• How to complete this task:
Here the job is to repeat the listing exactly, but not the pictures in it.
START Dataset content
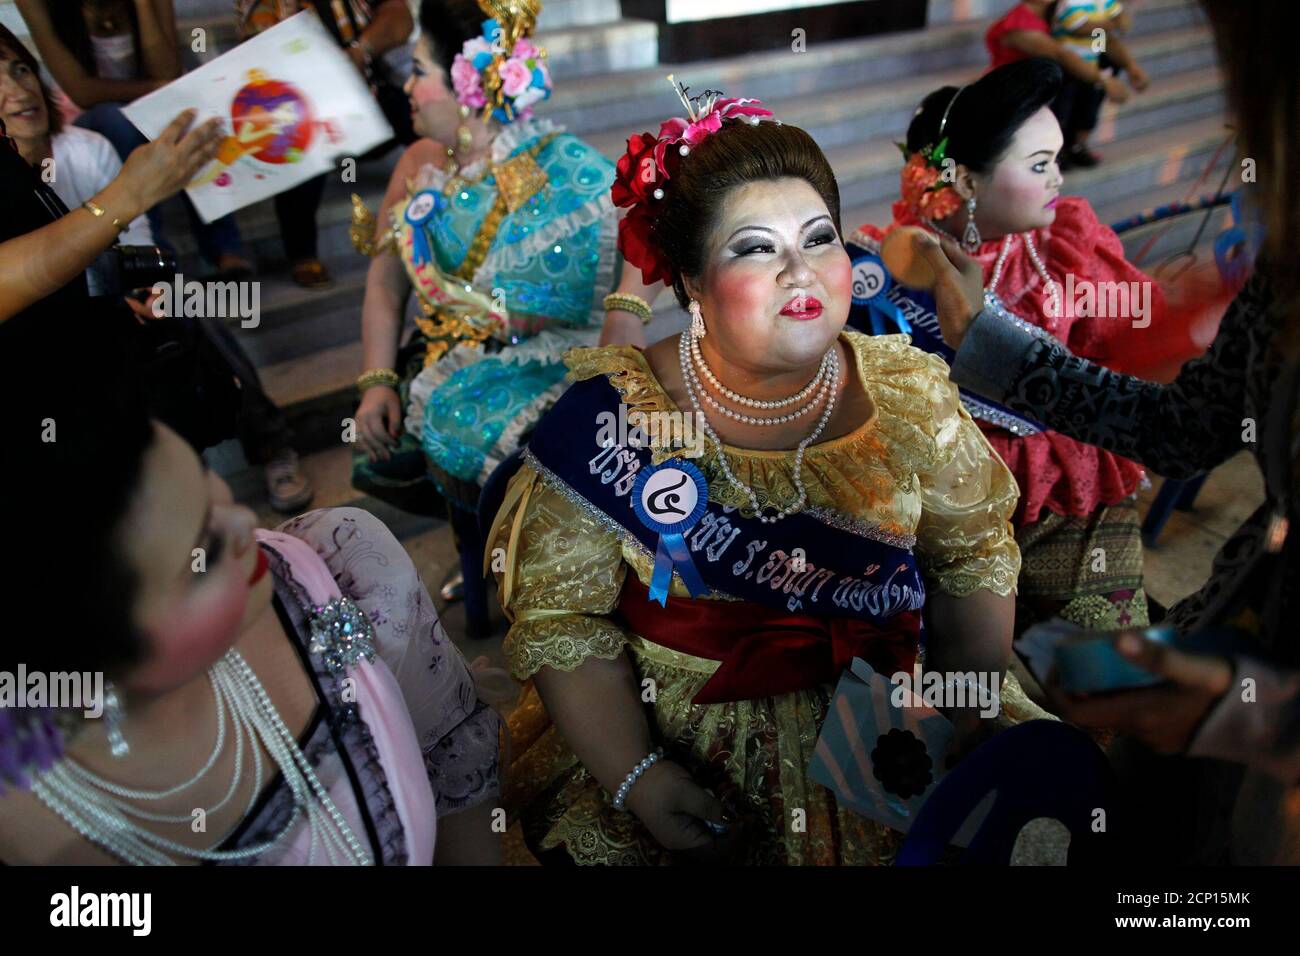 Participants in the Jumbo Queen beauty contest get ready to go onto the stage in Ayutthaya late December 19, 2009. More than 30 Thai ladies took part in the Jumbo Queen beauty contest for women over 80 kg in the world heritage site of Ayutthaya.  REUTERS/Damir Sagolj  (THAILAND - Tags: SOCIETY IMAGES OF THE DAY) Stock Photo
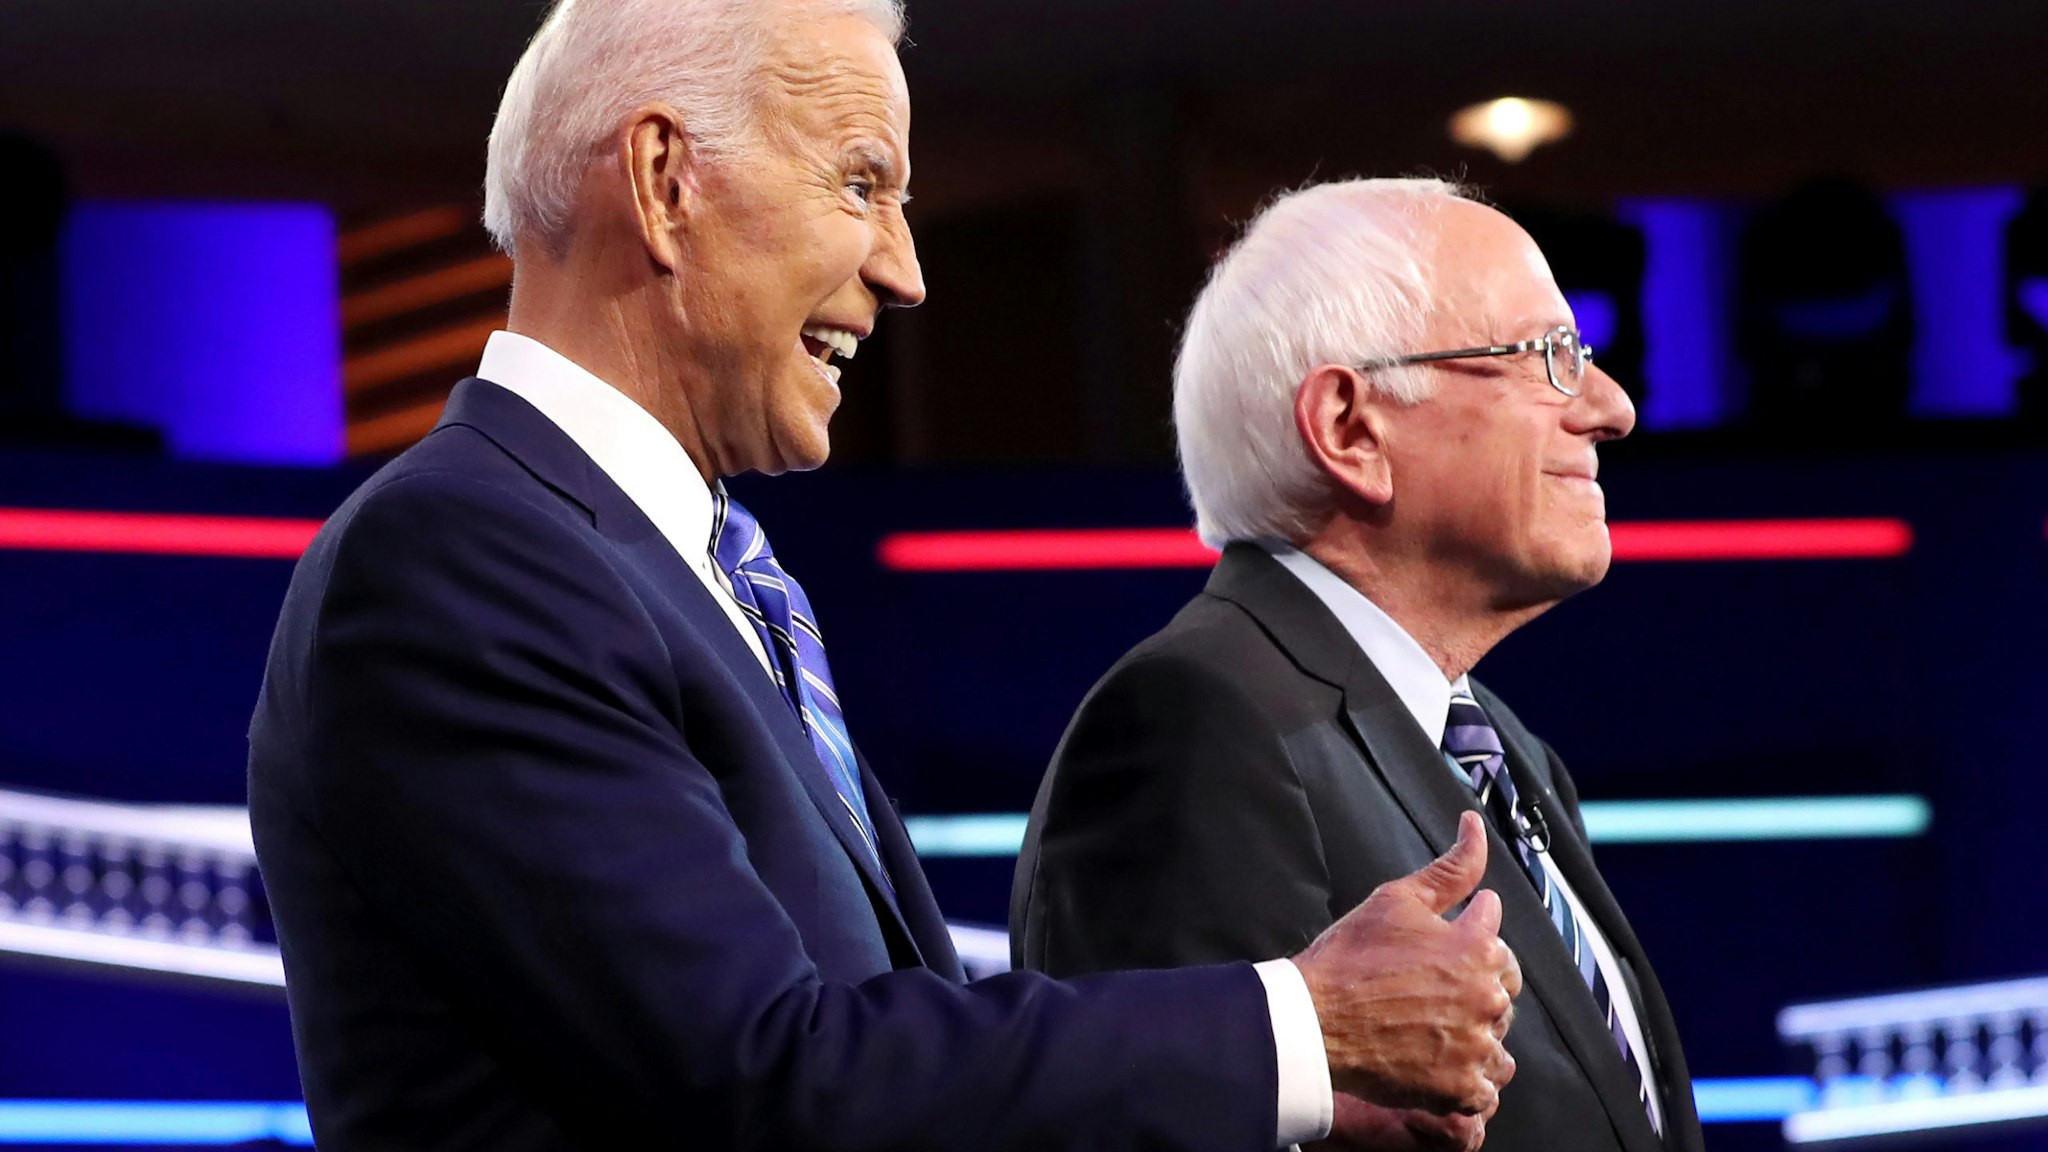 MIAMI, FLORIDA - JUNE 27: former Vice President Joe Biden and Sen. Bernie Sanders (I-VT) take the stage for the second night of the first Democratic presidential debate on June 27, 2019 in Miami, Florida. A field of 20 Democratic presidential candidates was split into two groups of 10 for the first debate of the 2020 election, taking place over two nights at Knight Concert Hall of the Adrienne Arsht Center for the Performing Arts of Miami-Dade County, hosted by NBC News, MSNBC, and Telemundo.
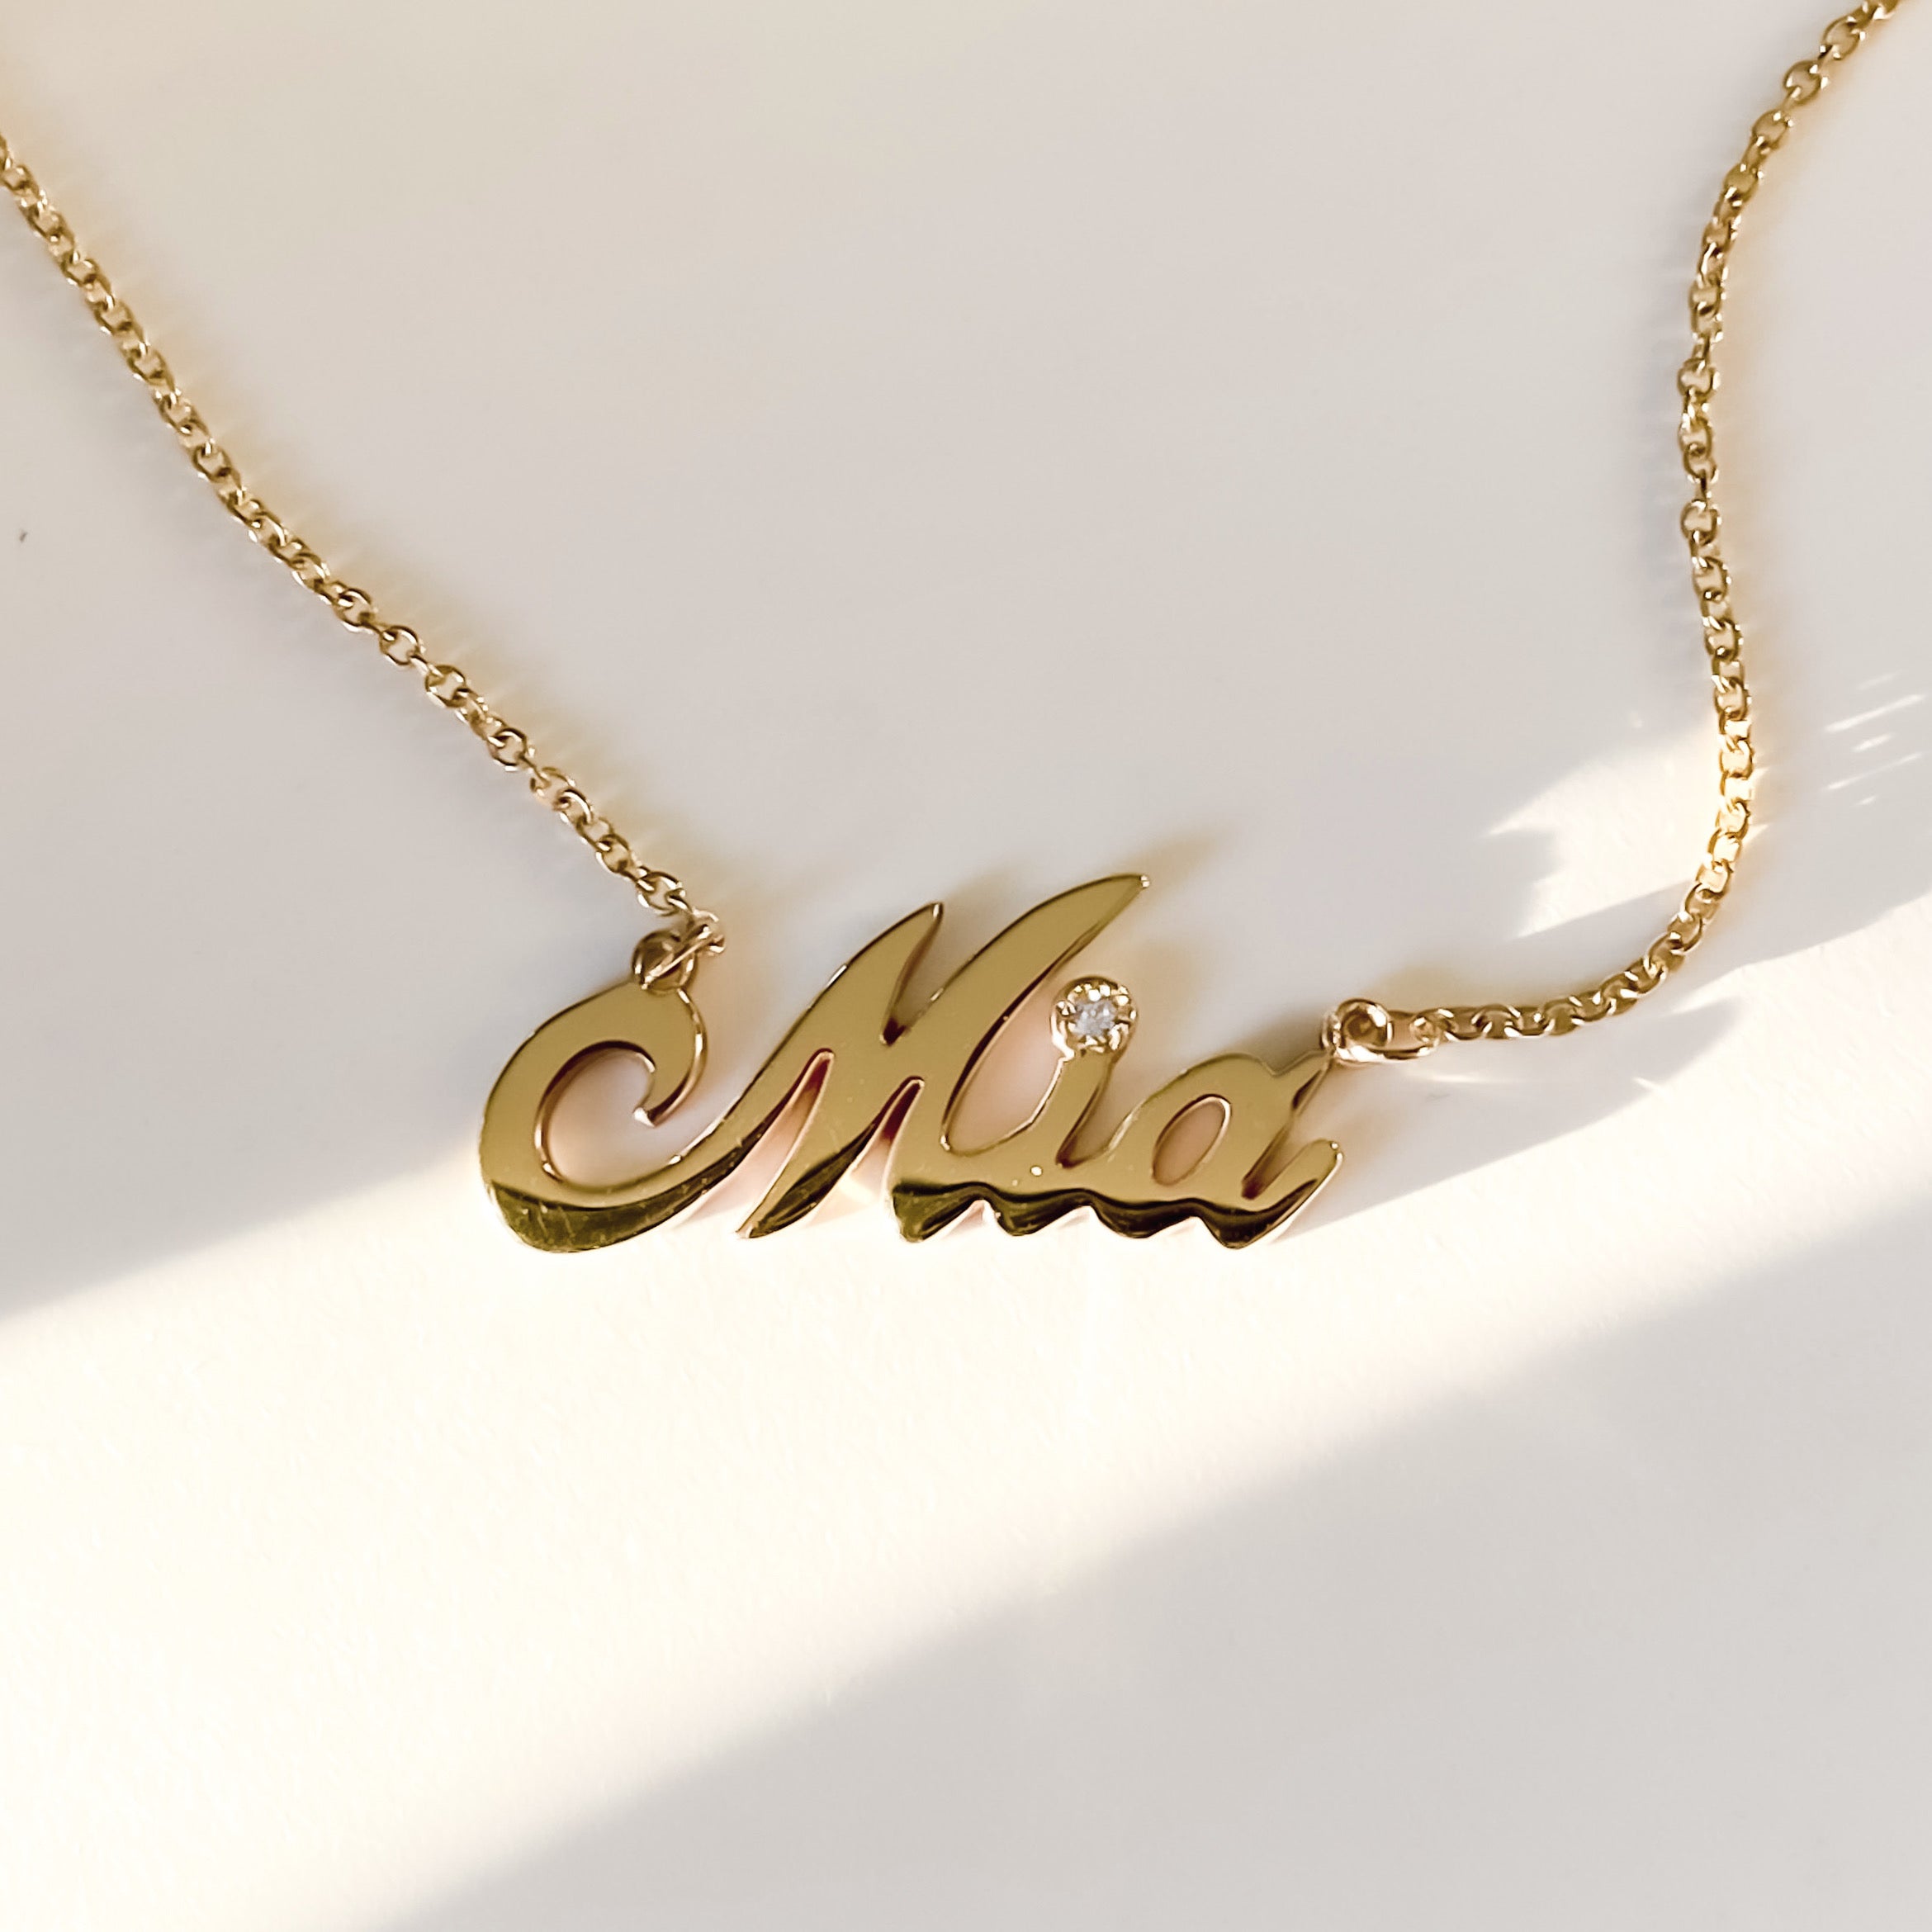 Personalized first name necklace
END Dataset content
• Exercise result:
 Participants in the Jumbo Queen beauty contest get ready to go onto the stage in Ayutthaya late December 19, 2009. More than 30 Thai ladies took part in the Jumbo Queen beauty contest for women over 80 kg in the world heritage site of Ayutthaya.  REUTERS/Damir Sagolj  (THAILAND - Tags: SOCIETY IMAGES OF THE DAY) Stock Photo
 MIAMI, FLORIDA - JUNE 27: former Vice President Joe Biden and Sen. Bernie Sanders (I-VT) take the stage for the second night of the first Democratic presidential debate on June 27, 2019 in Miami, Florida. A field of 20 Democratic presidential candidates was split into two groups of 10 for the first debate of the 2020 election, taking place over two nights at Knight Concert Hall of the Adrienne Arsht Center for the Performing Arts of Miami-Dade County, hosted by NBC News, MSNBC, and Telemundo.
 Personalized first name necklace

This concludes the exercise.